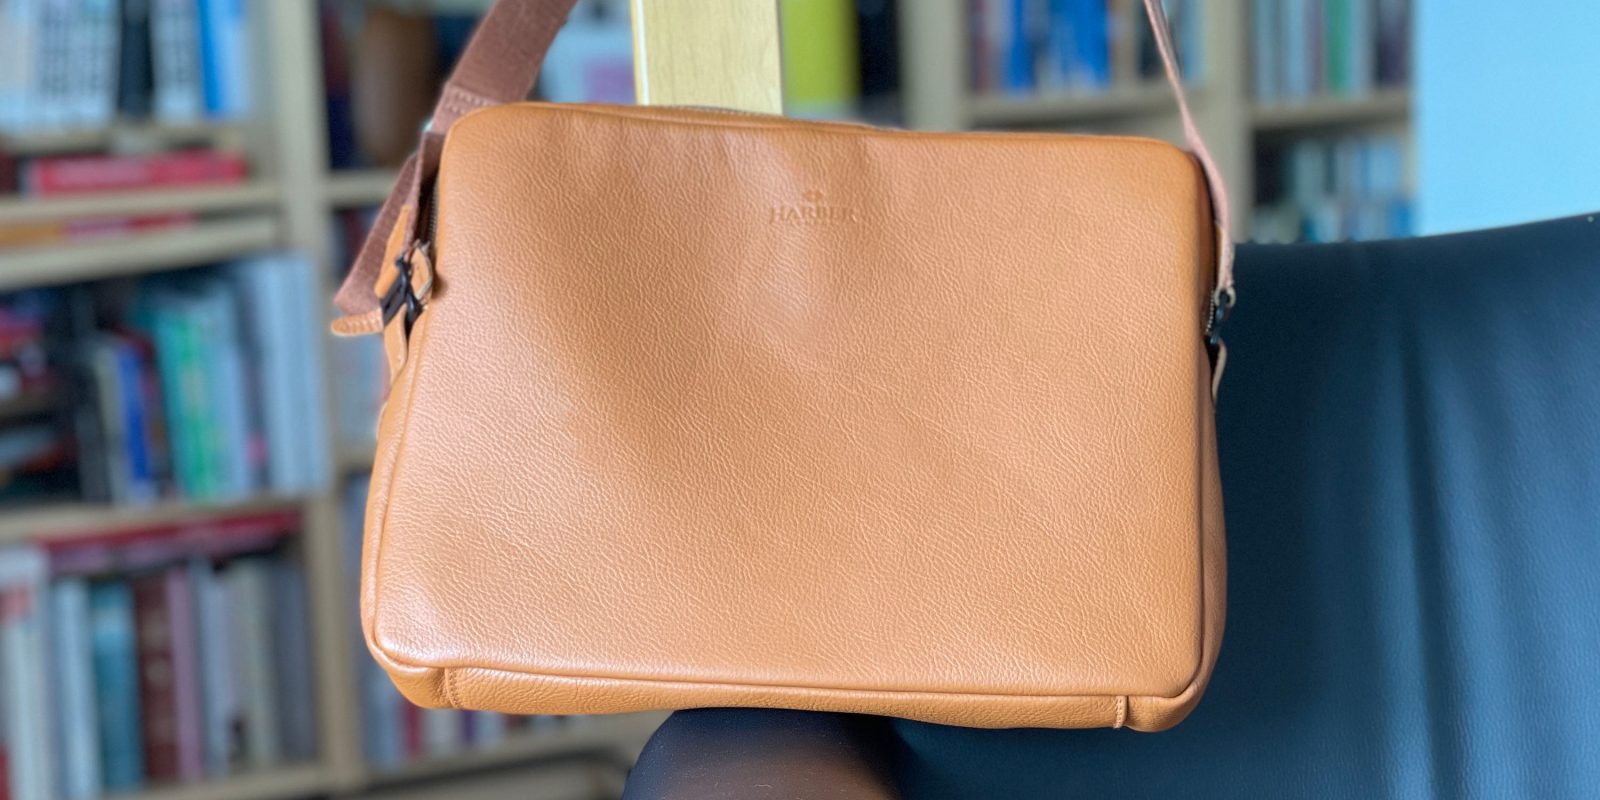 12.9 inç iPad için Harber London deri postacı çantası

####################

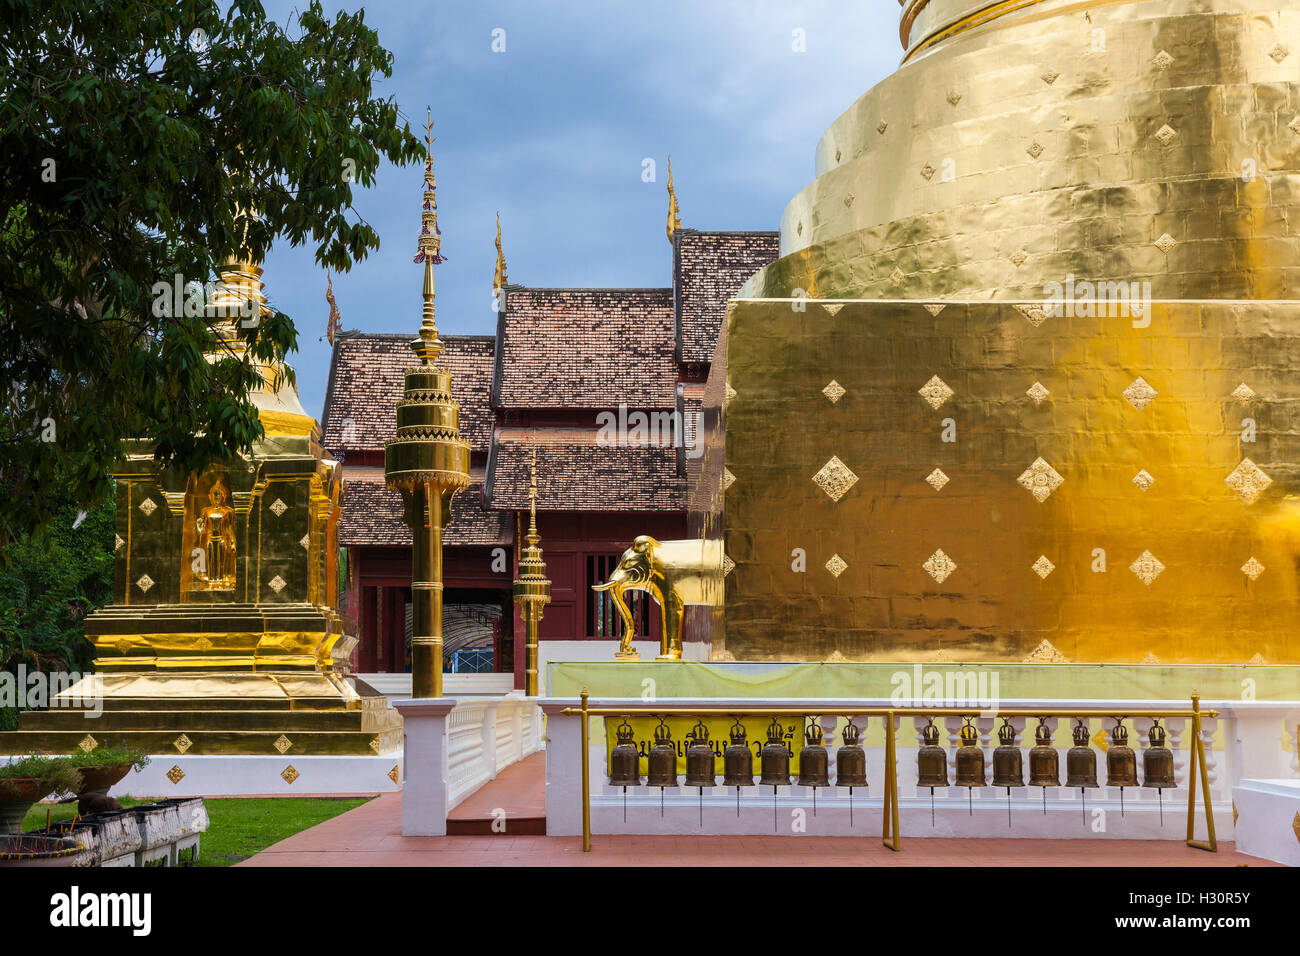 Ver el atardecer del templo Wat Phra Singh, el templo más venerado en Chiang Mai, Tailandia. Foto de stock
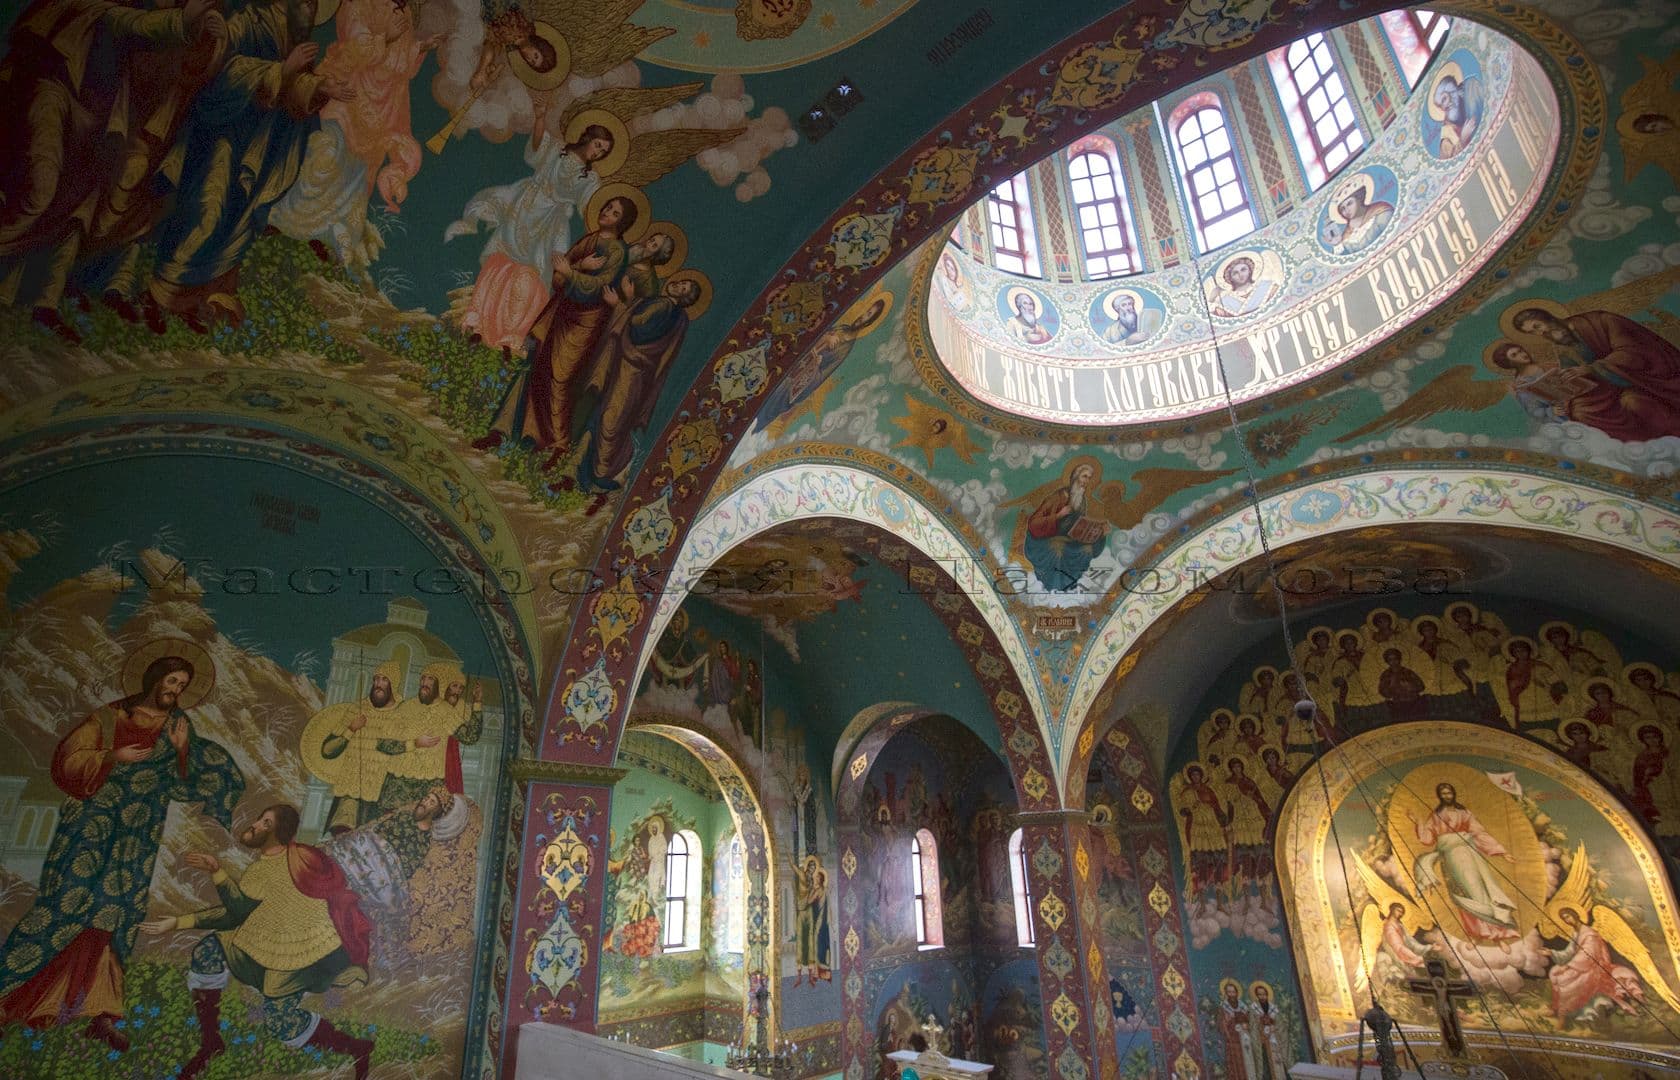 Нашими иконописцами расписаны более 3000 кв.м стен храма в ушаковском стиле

####################

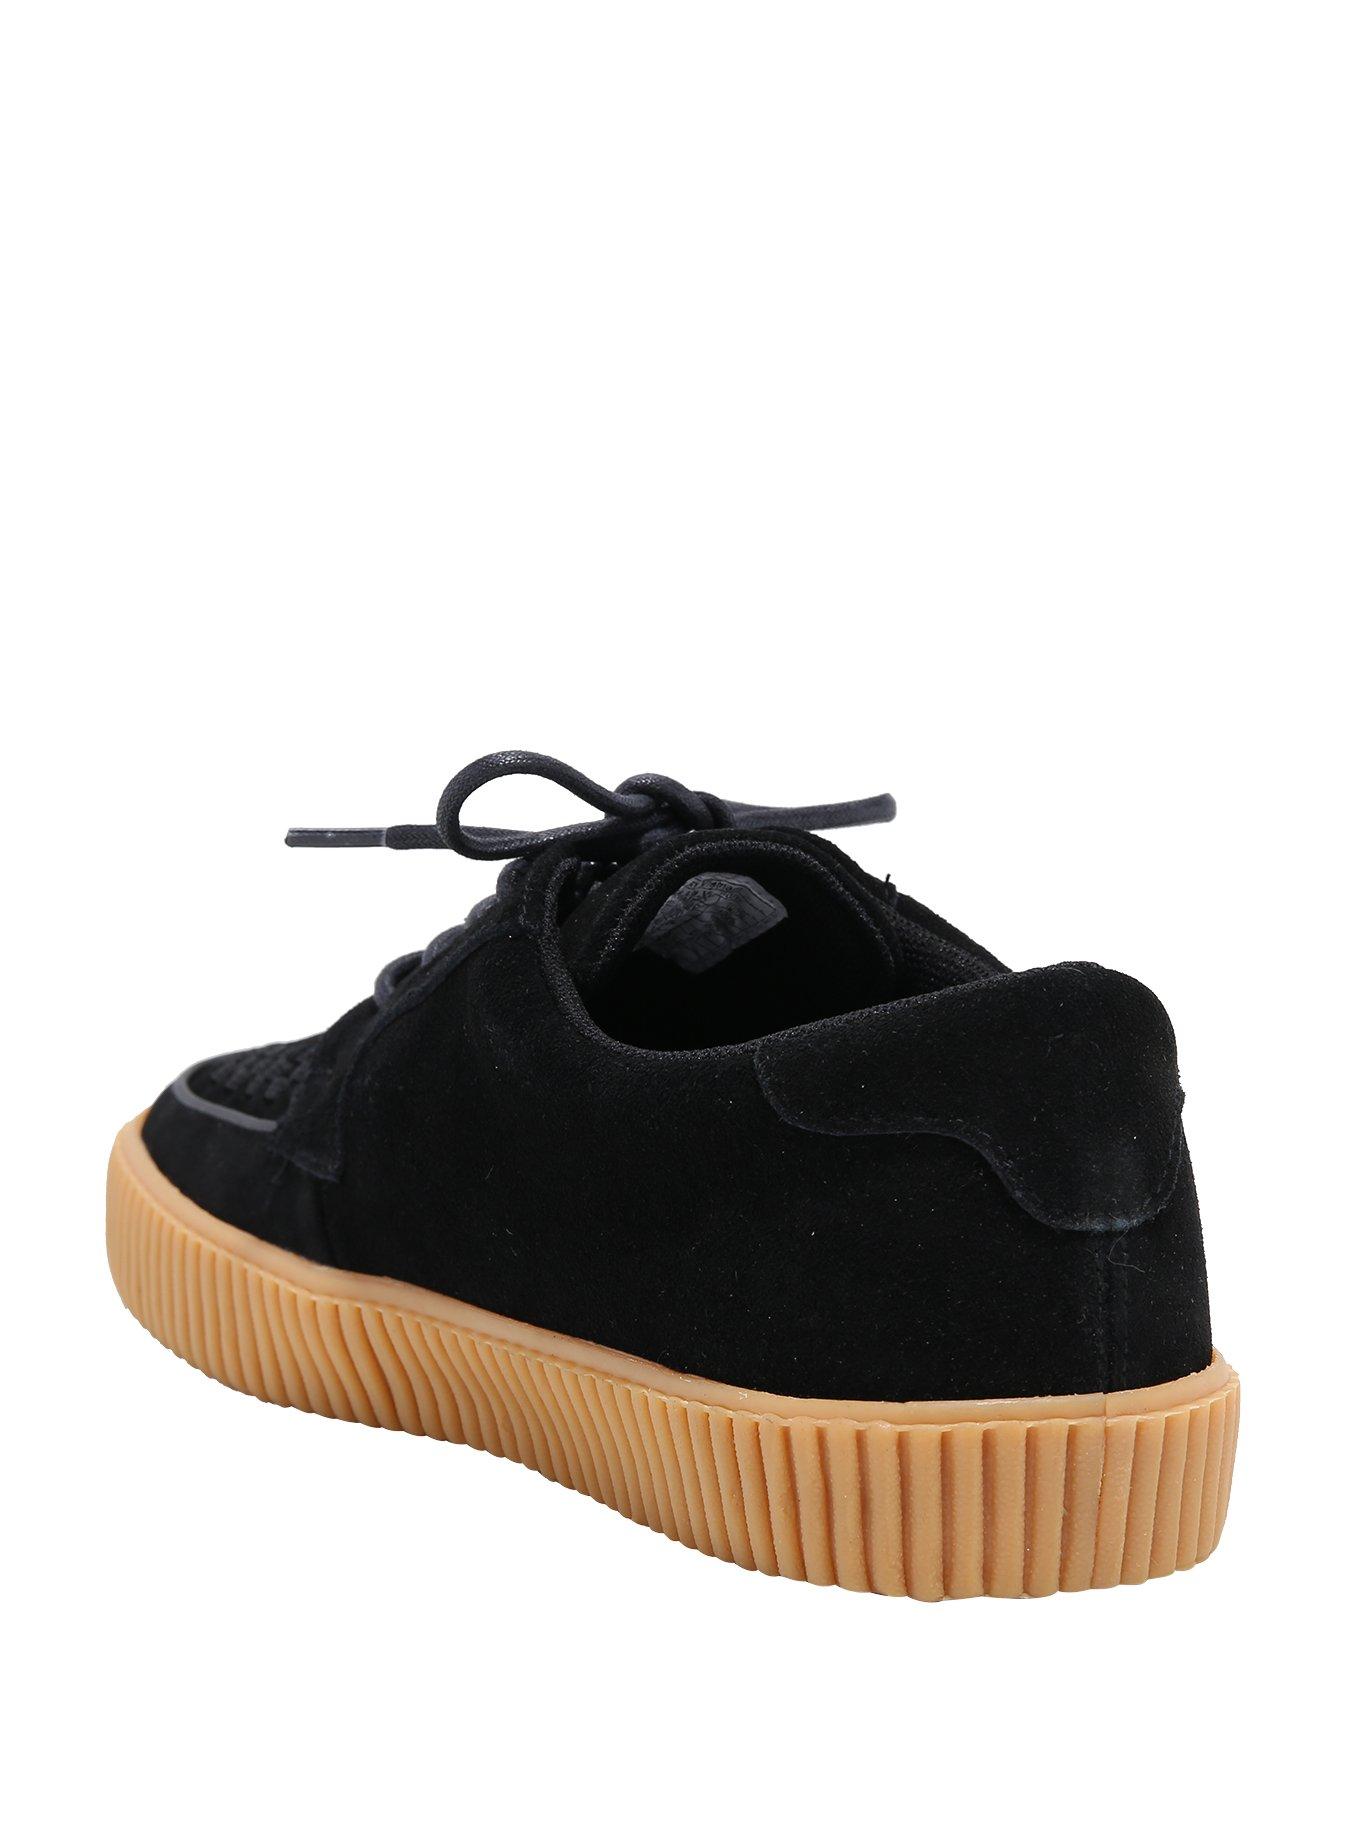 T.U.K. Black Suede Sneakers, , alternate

####################

Starting with the line above that holds "Ver el atardecer", restate each line word for word up to and including the line that holds "Нашими иконописцами расписаны". Drop the pictures.

▶ [Response below]:
 Ver el atardecer del templo Wat Phra Singh, el templo más venerado en Chiang Mai, Tailandia. Foto de stock
 Нашими иконописцами расписаны более 3000 кв.м стен храма в ушаковском стиле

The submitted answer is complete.